Effect of Data Distribution. First, we compare the performance under CA and NY datasets. It should not be surprising that in Fig. 7(a), when k is less than 8, the execution time for our PIR-kNN approach is significantly shorter under CA dataset than under NY dataset. As we have mentioned, this is because the initial locating for the query point tends to fetch more neighboring voronoi cells in NY dataset. So when k is larger, the latter needs to fetch more extra distance information than the former to determine the kNN query processing.
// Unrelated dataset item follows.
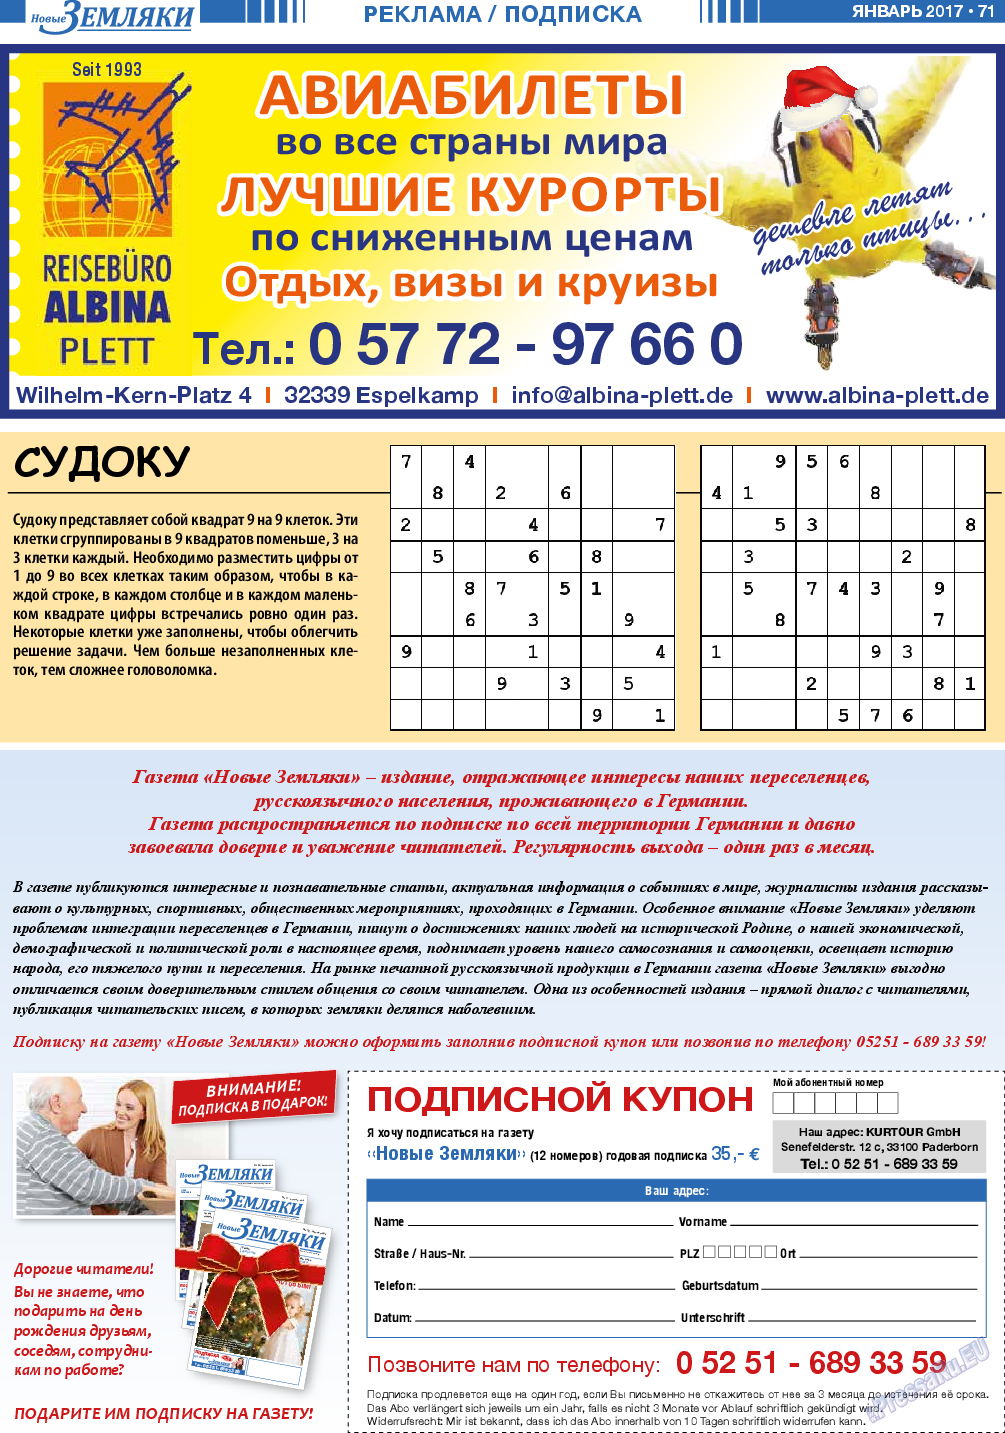 Новые Земляки, газета. 2017 №1 стр.71

Under synthetic dataset, we can see from Fig. 7(b) that when f increases, the maximal number of PIR accesses for one voronoi cell increases, the overall execution time increases as well. This is intuitive because our query plan should cover the worse case in terms of the PIR accesses.

Fig. 7.
figure 7

Effect of data distribution.

Evaluation of Scalability. Finally, we evaluate the scalability of our approach. Regardless of whether real world data or synthetic dataset, we can see from Fig. 8 that the execution time increases linearly to the query parameter k. Further, we can see that the increasing rate of the execution time gets slower as k gets larger than 10. This is because the voronoi cells that contain much more POIs or edges than normal voronoi cells have been considered by a smaller threshold k and when k goes beyond this threshold, the number of PIR accesses required for increased k is much less.

Fig. 8.
figure 8

Effect of scalability.

6 Conclusion

In this paper we introduce the novel problem of PIR-based kNN query on road networks with strong privacy guarantee, where an adversary cannot distinguish a kNN query from any other query in the network space. This is the first work that applies PIR to network kNN query. Further, we design the data structure to fetch only necessary data and deduce a query plan for arbitrary query parameter k. Finally, we evaluate our method on real world dataset and synthetic dataset. Extensive experiments demonstrate the practicality of our method.